LETTER: The student loan problem

by · Las Vegas Review-Journal

In response to Megan McArdle’s Sunday commentary about the national debt, “America’s most boring nightmare”:

I have for some time been suggesting to dozens of federal politicians a way of dealing with a “small” portion of the national debt, specifically the student loan deficit of approximately $1.8 trillion. My proposal is to retroactively reduce the interest rate on all student loans to 1 percent from the current 3.1 percent to 8.1 percent. This would immediately reduce everybody’s balances and very likely increase the amount of student loans that are paid back rather than written off. Because after 10, 20, or 25 years of making minimal monthly payments based on 10 percent of net income, many of these loans are written off, thereby increasing the deficit.

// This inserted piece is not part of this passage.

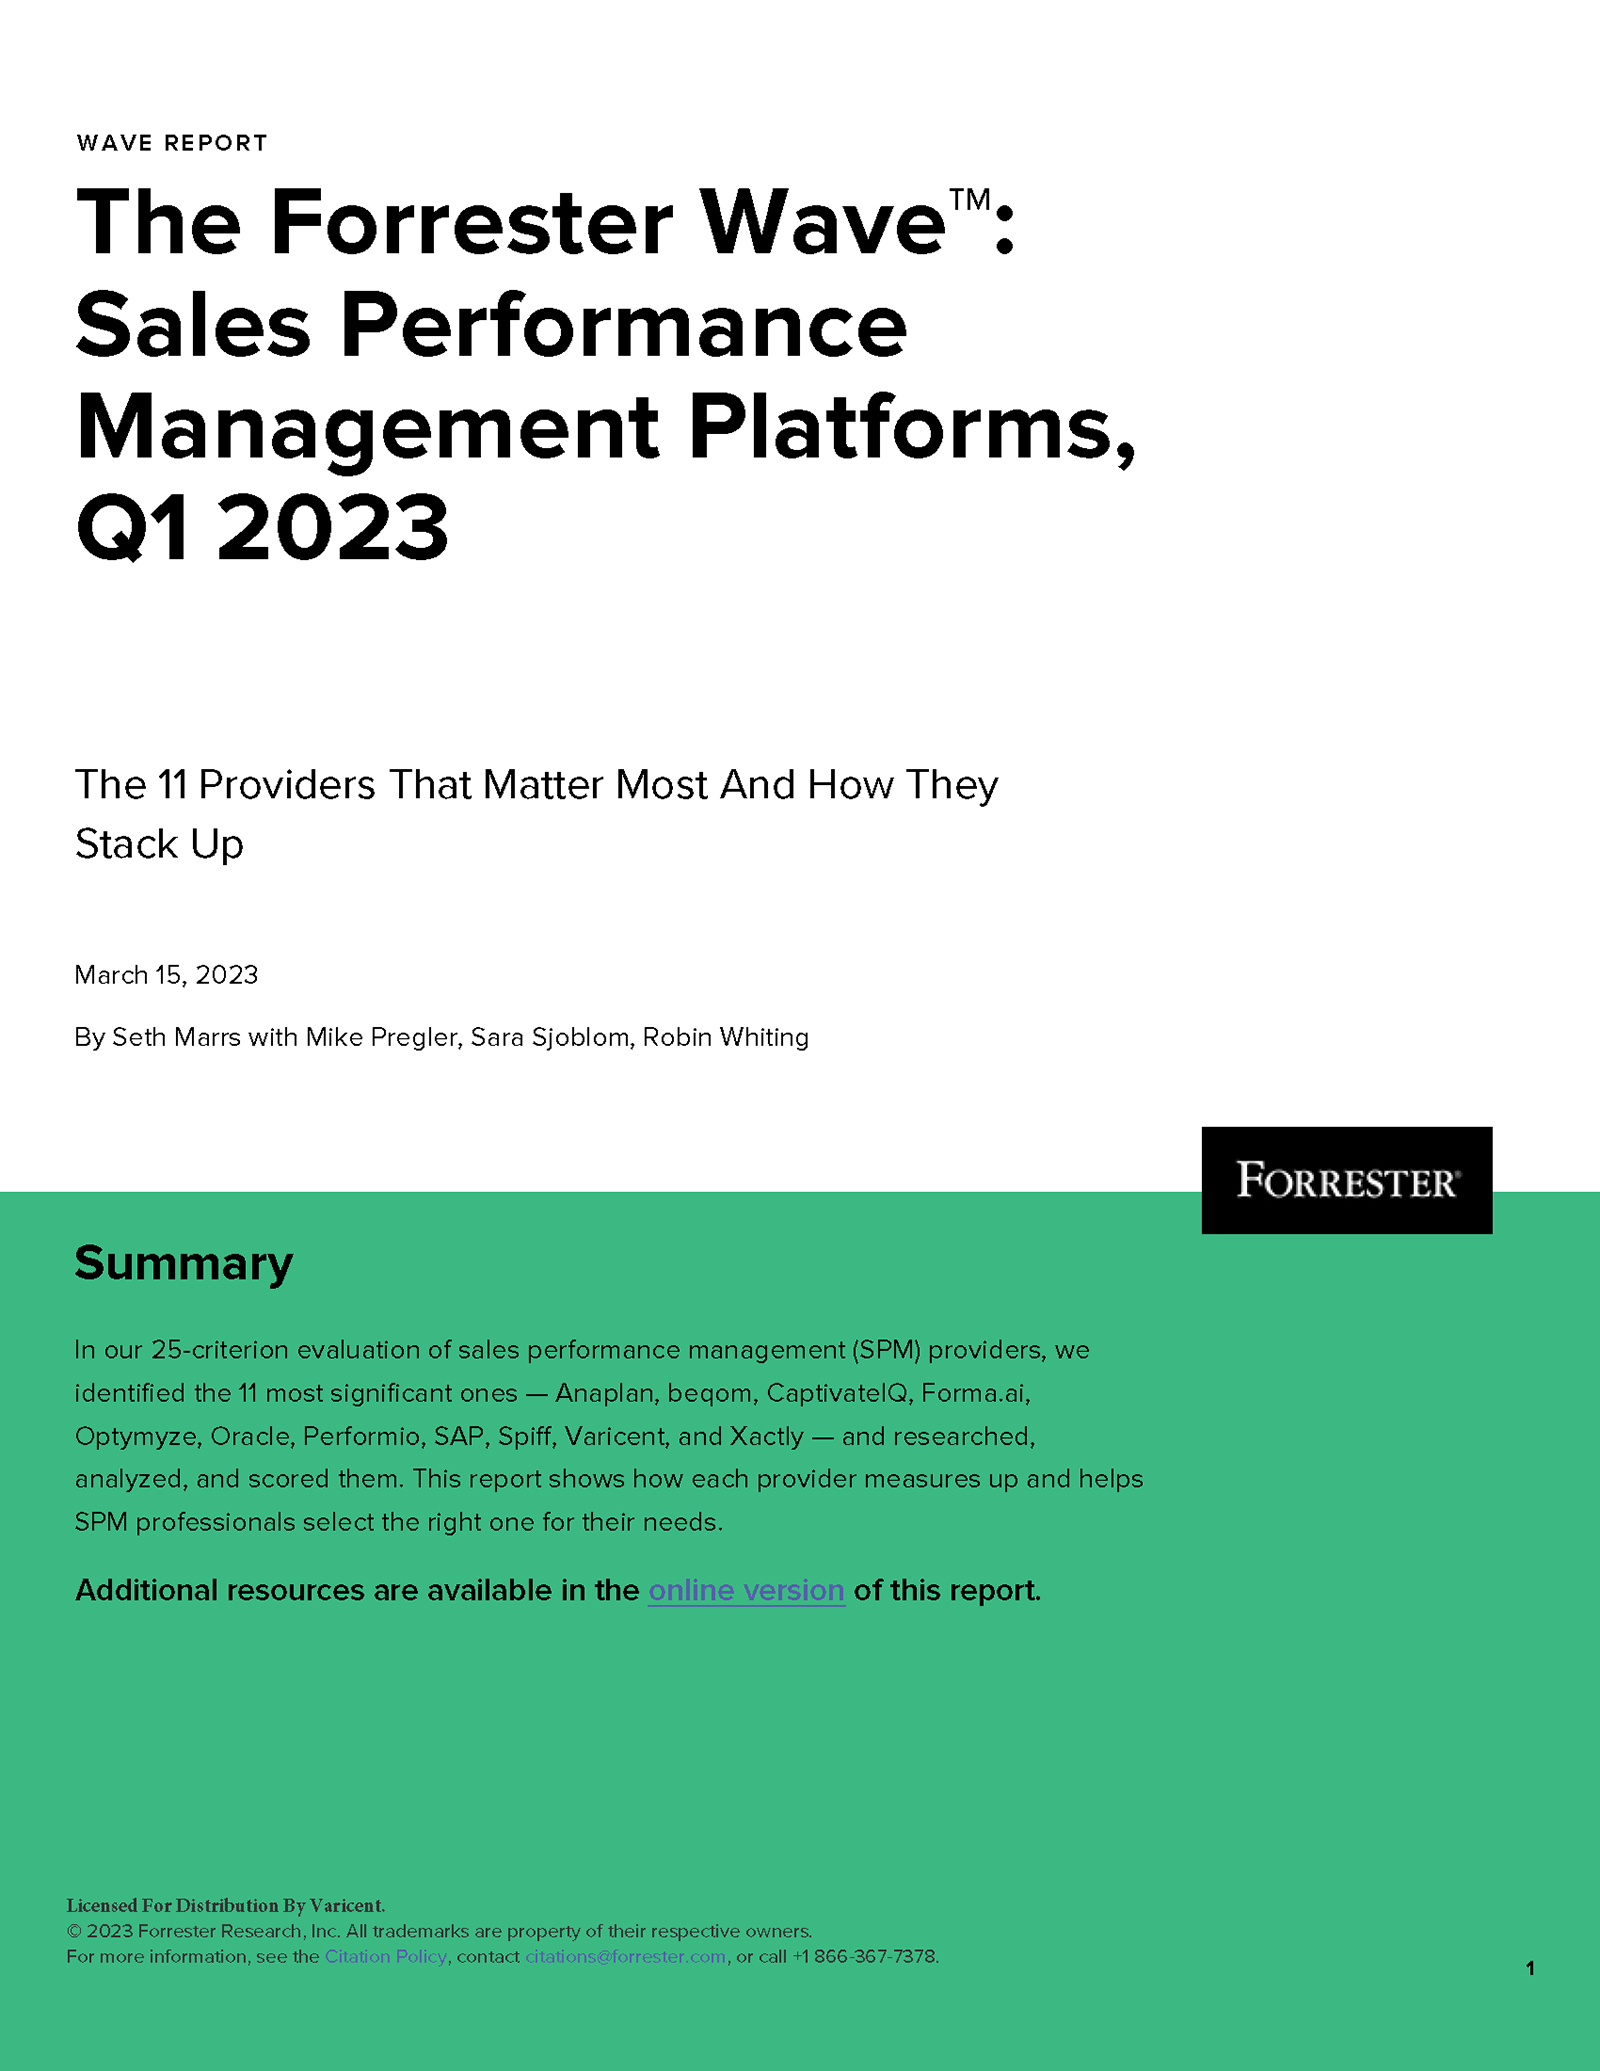 Cover of The Forrester Wave™: Sales Performance Management Platforms Report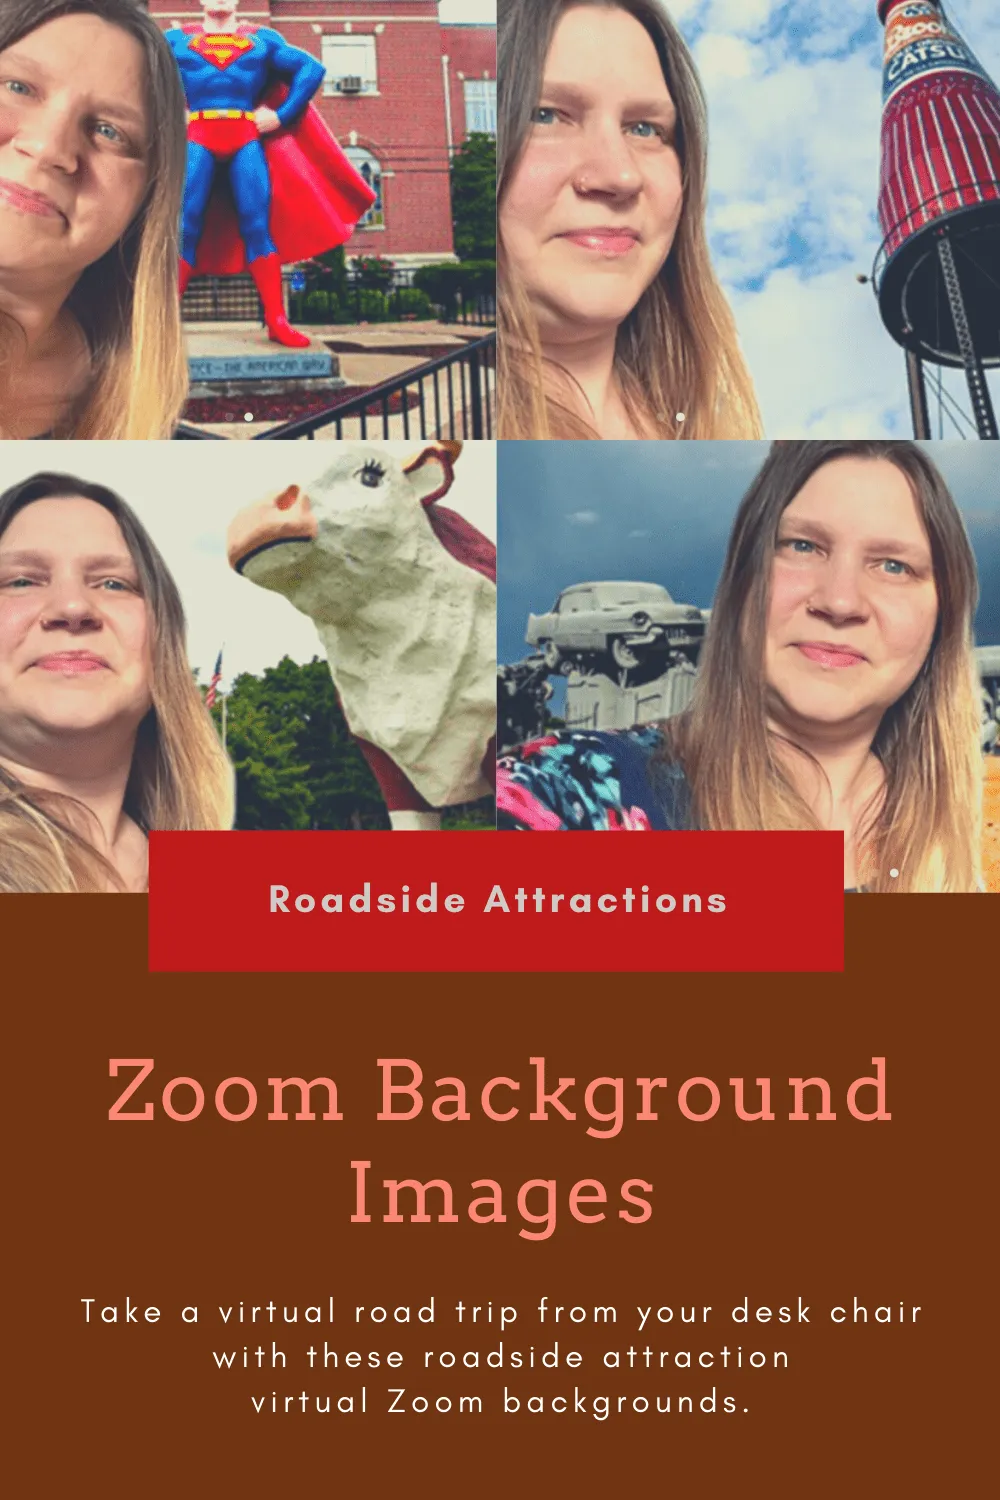 If you're a roadtripper who wishes you were behind the wheel instead of working from home, try these Zoom background images of roadside attractions as a virtual teleconference backdrop while you work from home. #WorkFromHome #Zoom #ZoomBackgrounds #ZoomBackdrops #RoadsideAttraction #RoadsideAttractions #WeirdRoadsideAttractions #VintageRoadsideAttractions #RoadTripStops #WorldsLargestRoadsideAttractions #RoadTrip #USARoadsideAttractions #AmericanRoadsideAttractions #USA #America

Doing this would not incur losses to the government nor write off any student loans. Accountants agree this would instead be a reduction of expected income rather than a write-off, like a bank choosing to lower an individual’s mortgage rate. The bank still earns money, just not as much, although the analogy is that the government would not be writing off as much as it used to. Why is Congress charging students so much that it creates this huge student loan deficit? Shouldn’t the intent of the program be to help students and not coincidentally create a huge deficit?

This should be a bipartisan effort as it has something for both parties, i.e. easing of student loan debt and reduction of the student loan deficit. But sadly, there has been virtually zero response from said politicians.